**EXERCISE PROMPT**
Every line from the one containing "Dorothy Morrison (actress)" to the end of the records below should be returned exactly; pictures are to be dropped.

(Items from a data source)
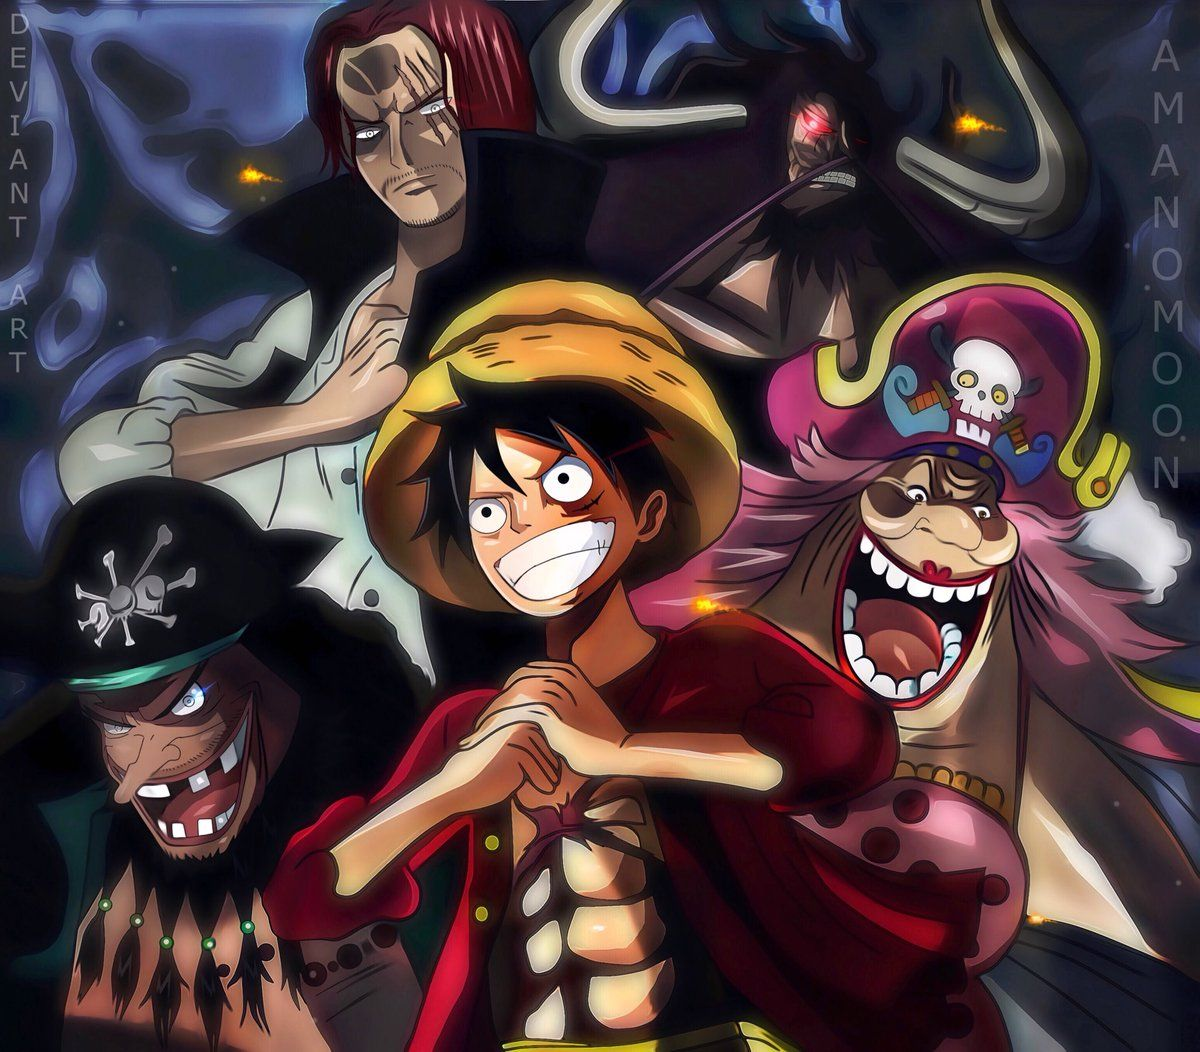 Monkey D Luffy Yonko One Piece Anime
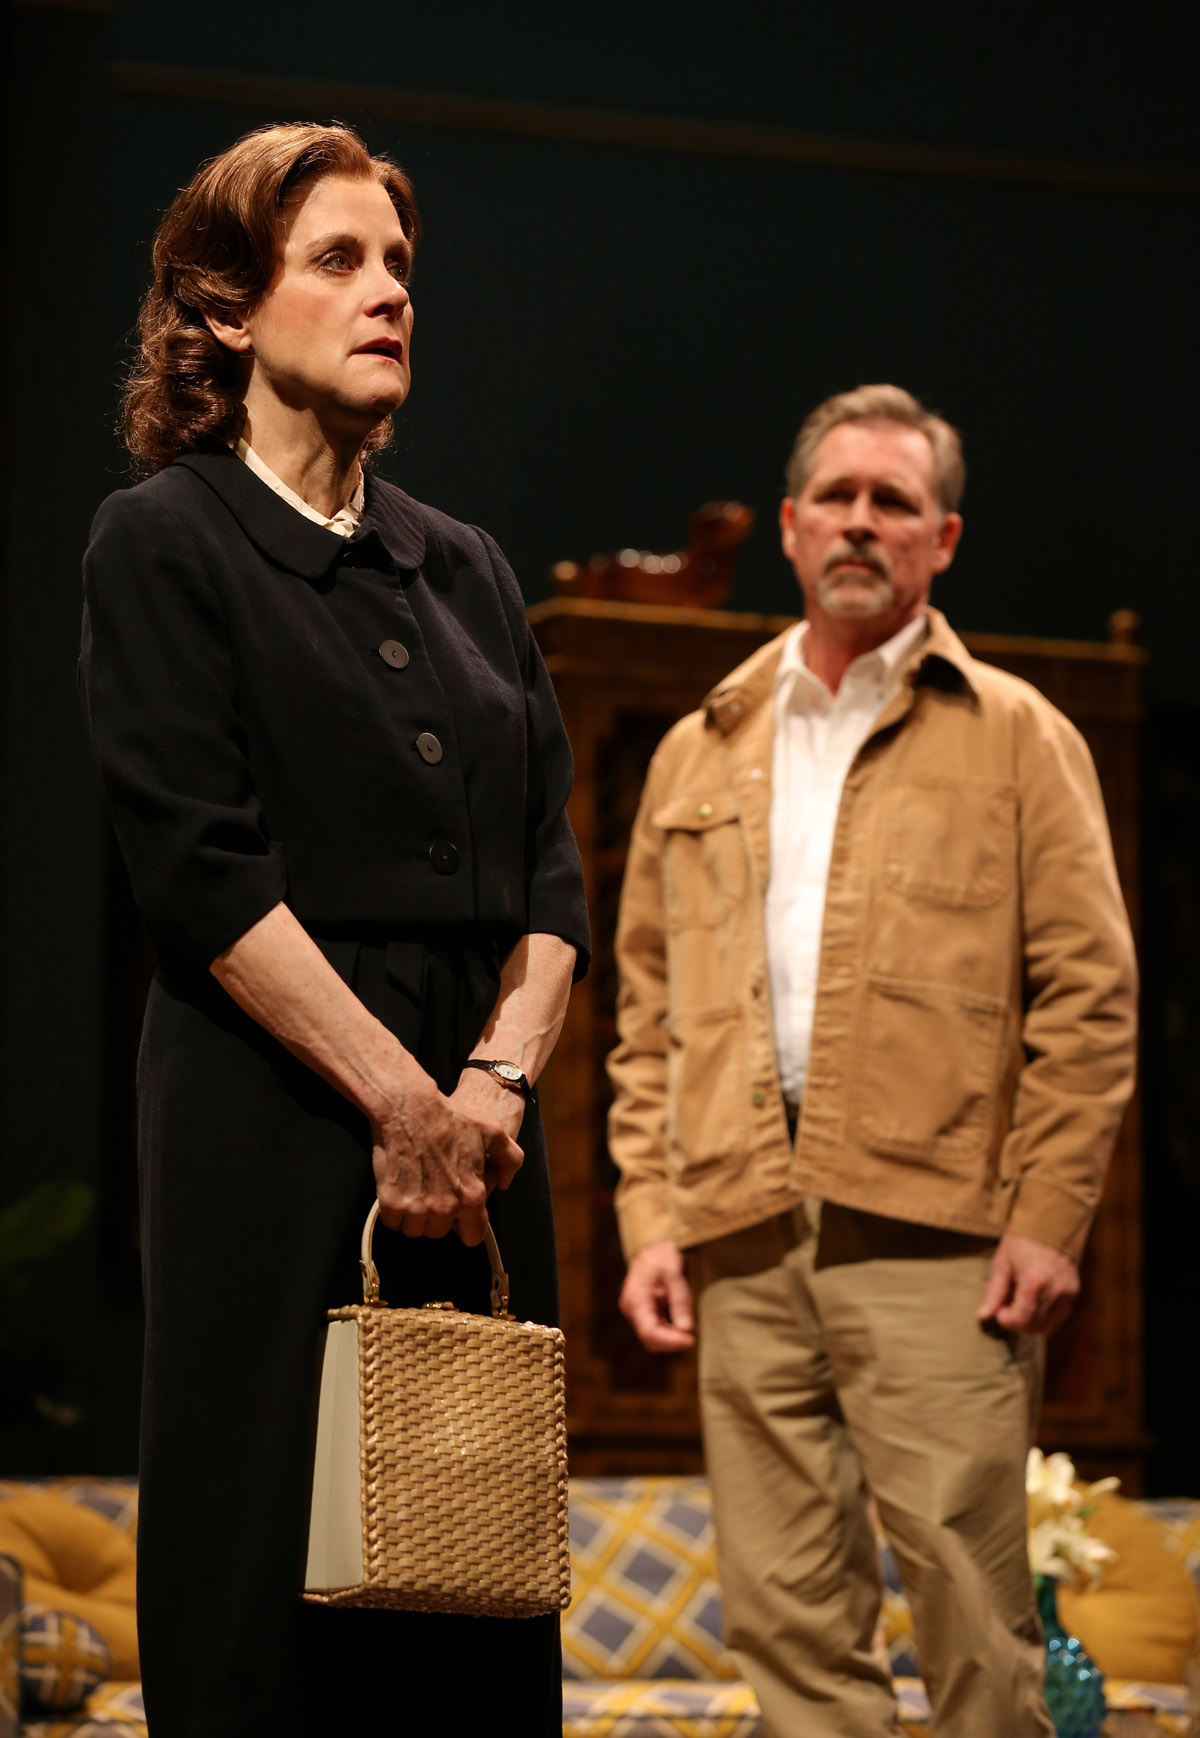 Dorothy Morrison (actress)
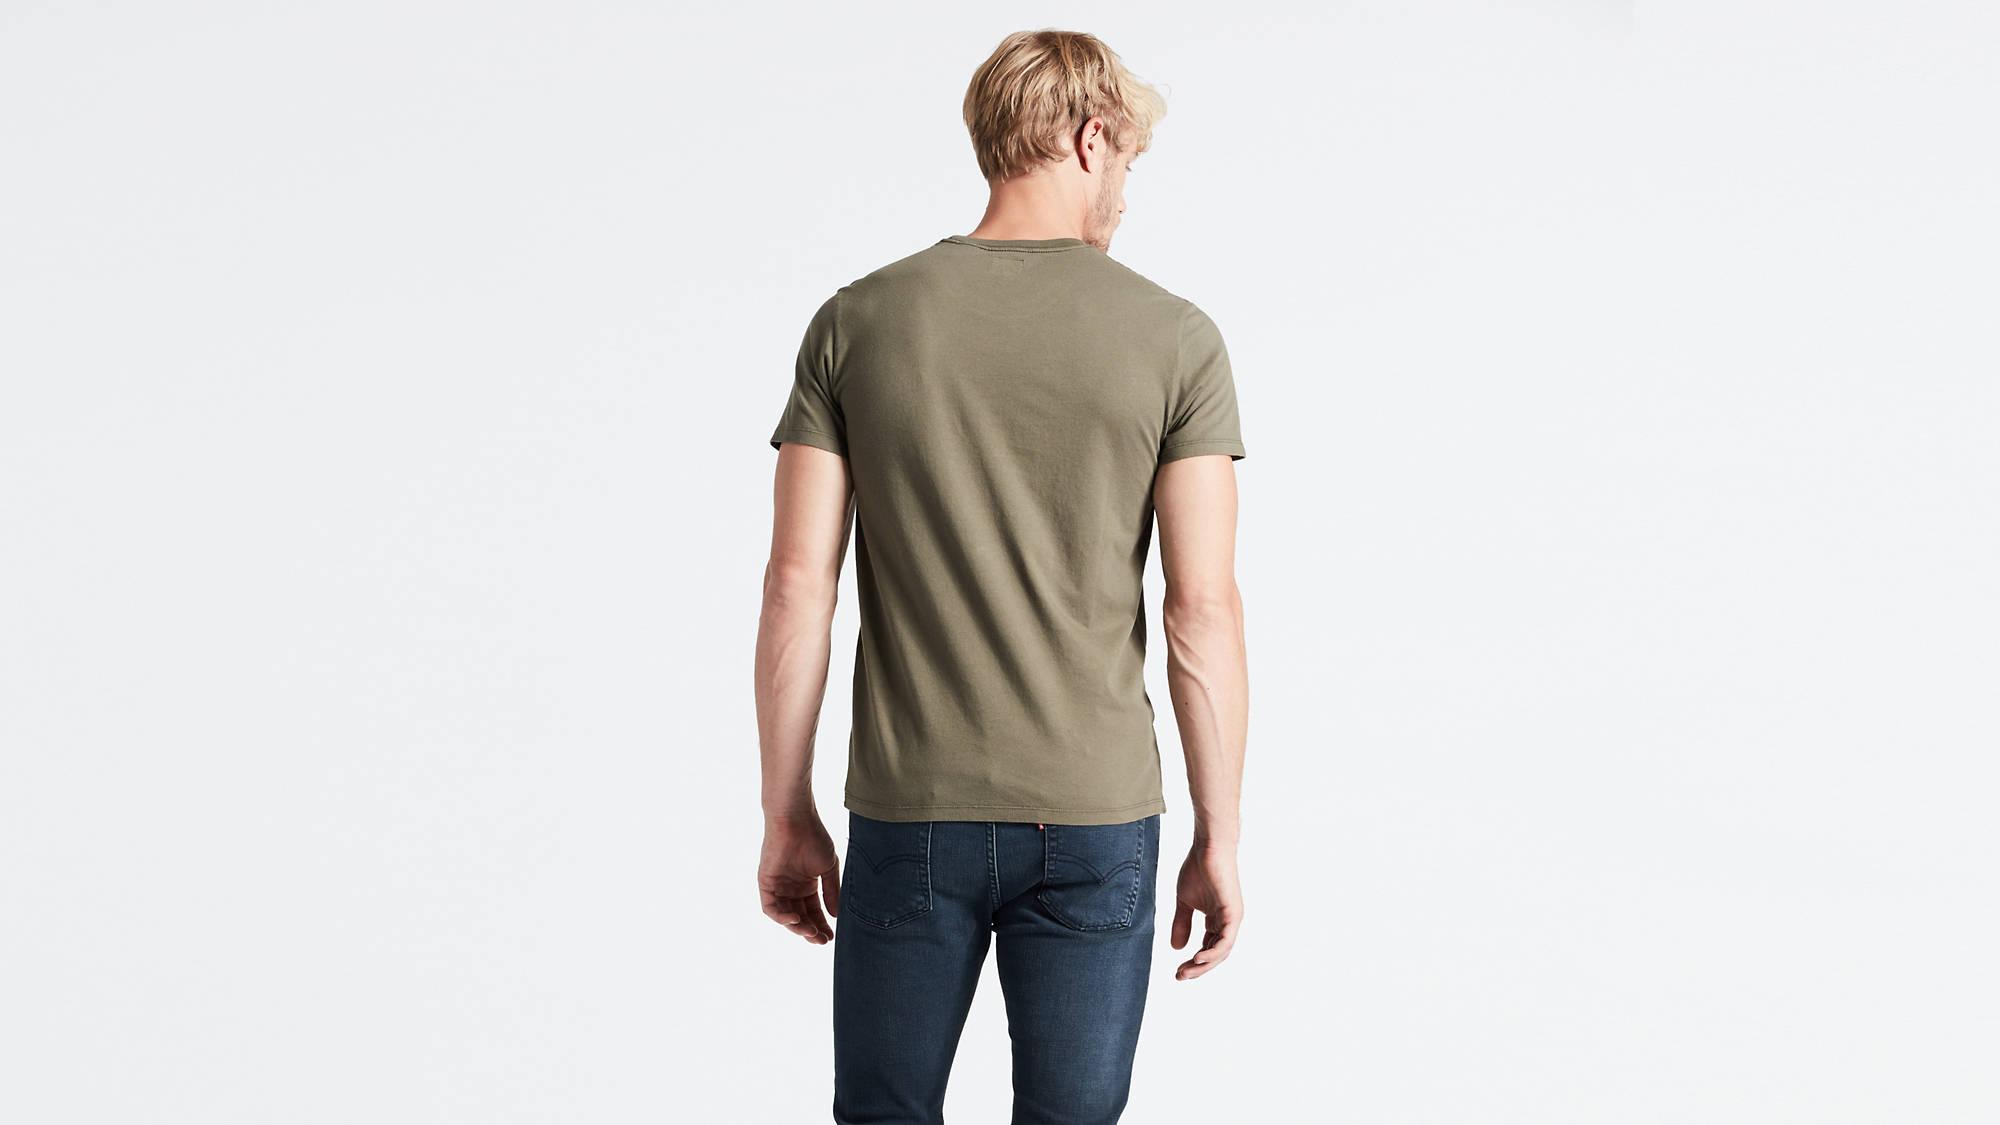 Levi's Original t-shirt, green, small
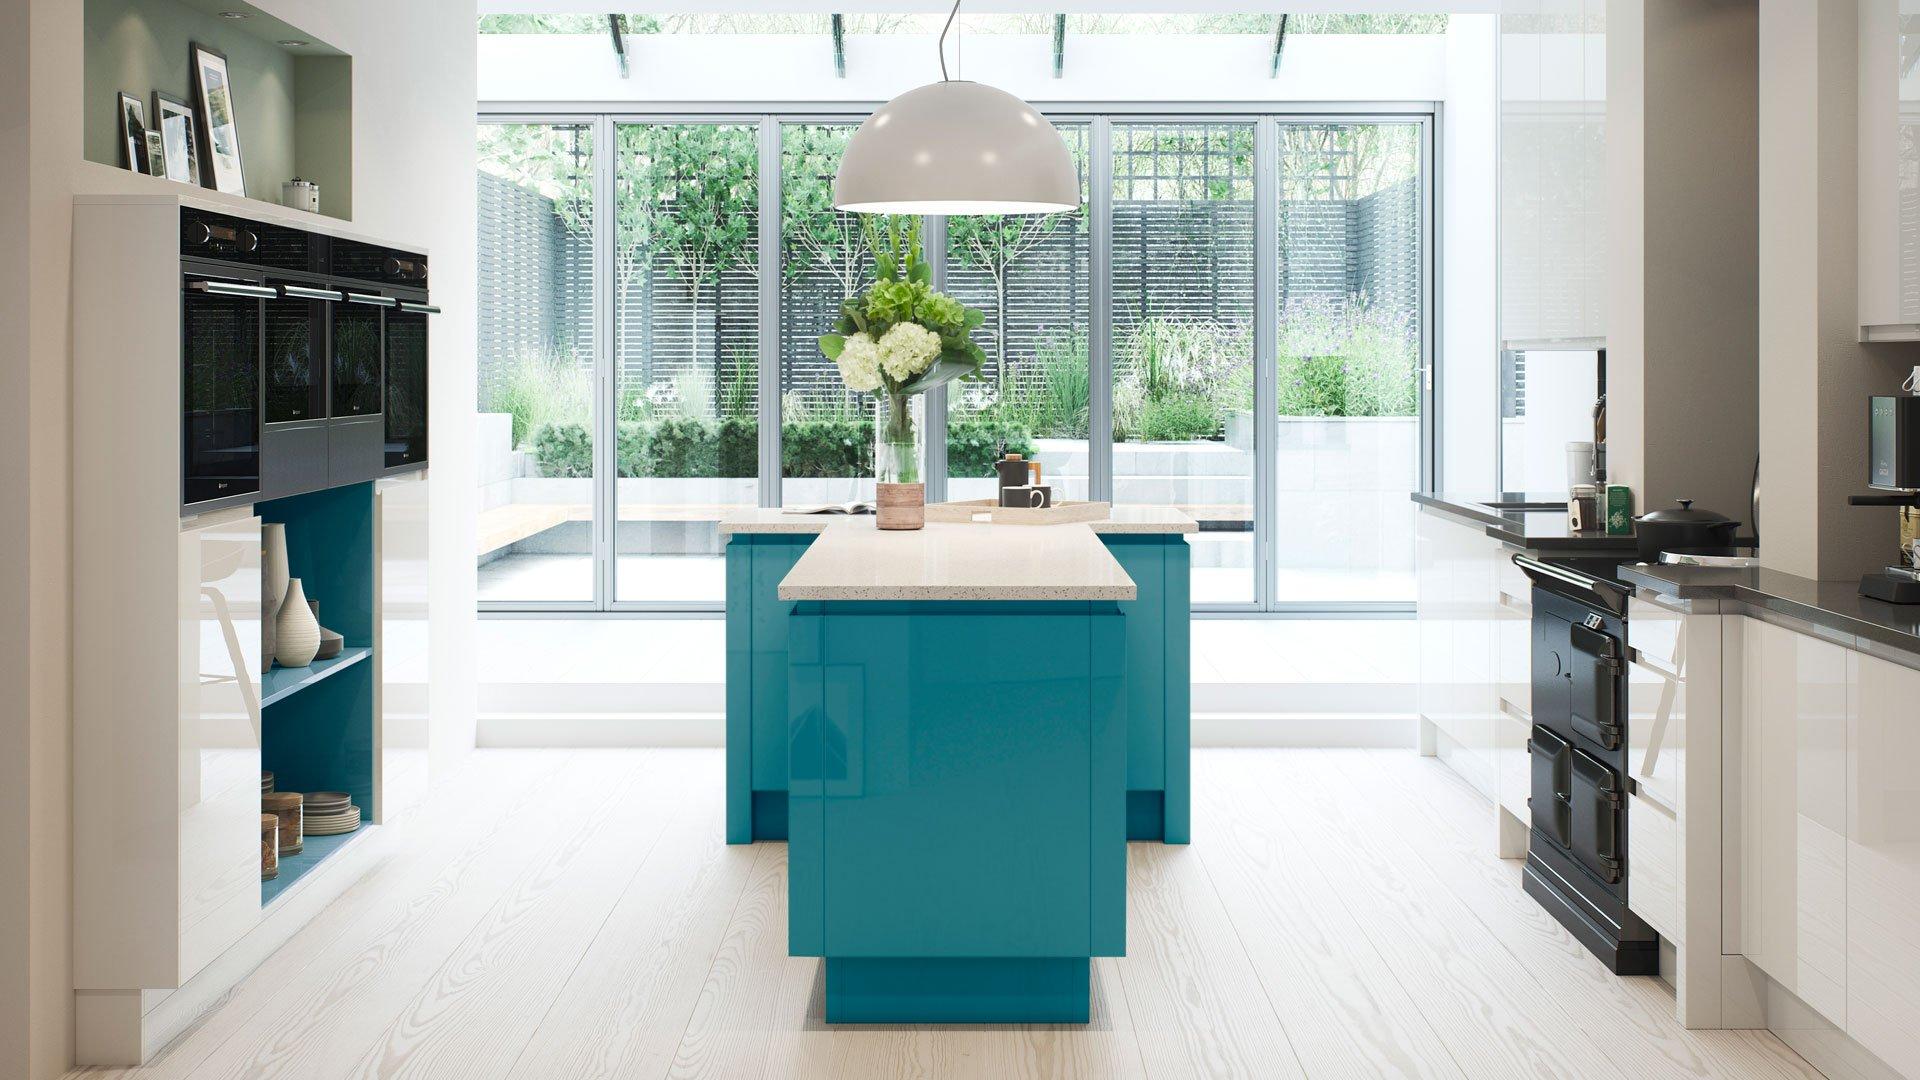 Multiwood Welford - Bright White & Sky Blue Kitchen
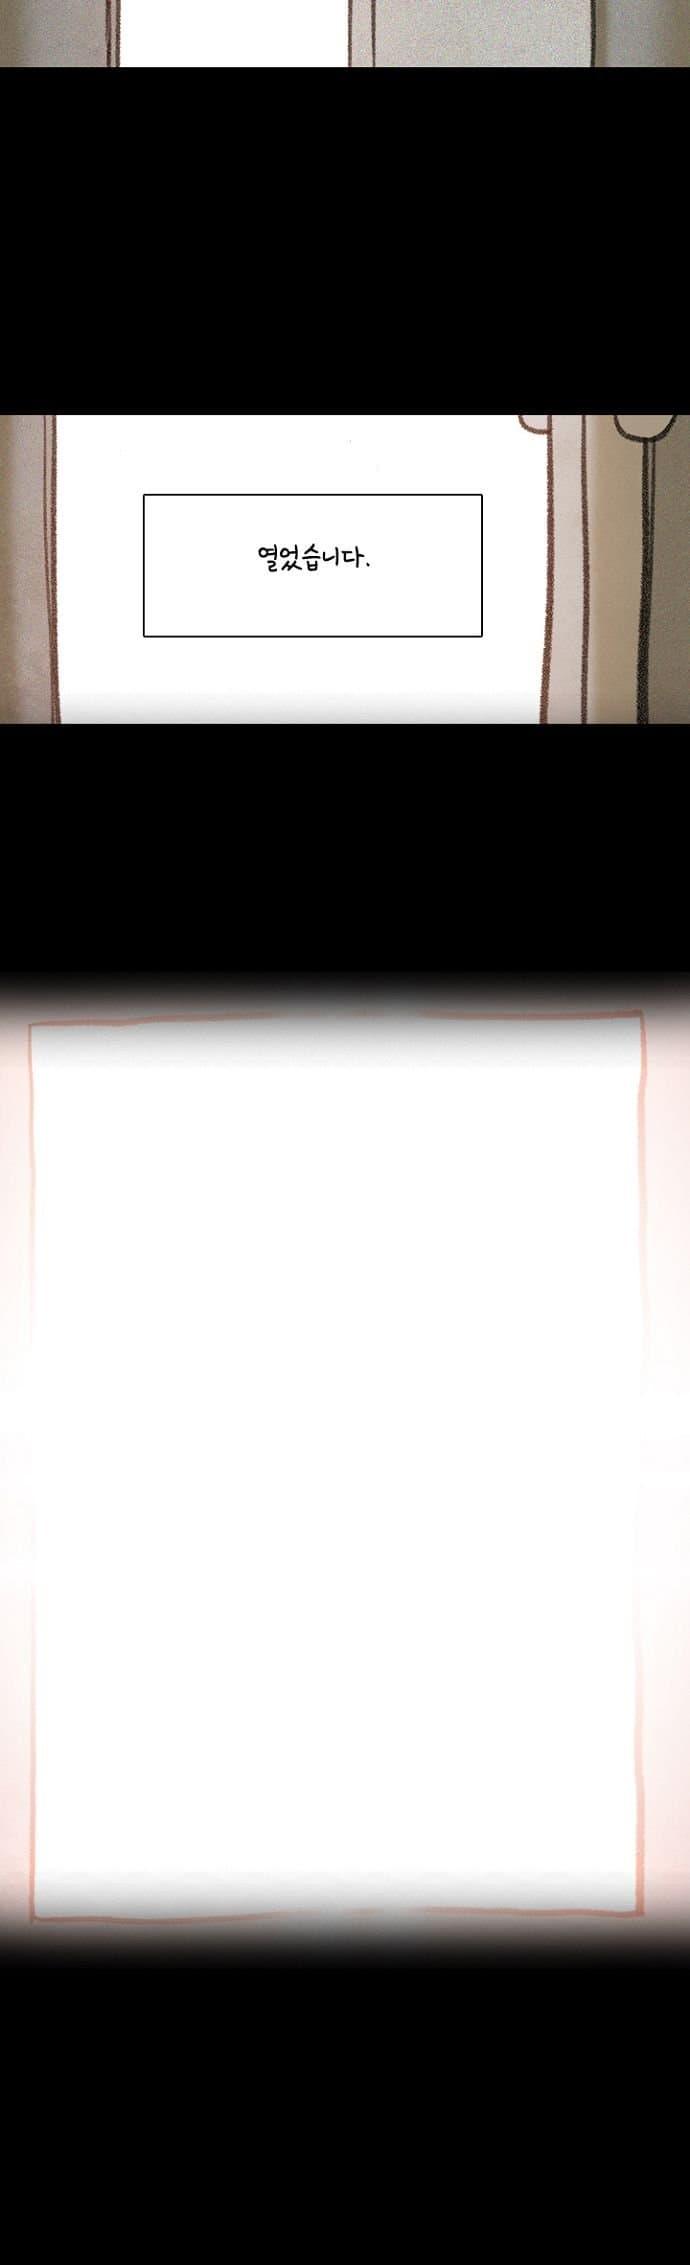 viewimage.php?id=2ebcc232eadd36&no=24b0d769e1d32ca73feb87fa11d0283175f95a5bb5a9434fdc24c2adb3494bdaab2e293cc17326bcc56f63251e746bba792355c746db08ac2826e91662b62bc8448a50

**EXERCISE RESULT**
 Dorothy Morrison (actress)
 Levi's Original t-shirt, green, small
 Multiwood Welford - Bright White & Sky Blue Kitchen
 viewimage.php?id=2ebcc232eadd36&no=24b0d769e1d32ca73feb87fa11d0283175f95a5bb5a9434fdc24c2adb3494bdaab2e293cc17326bcc56f63251e746bba792355c746db08ac2826e91662b62bc8448a50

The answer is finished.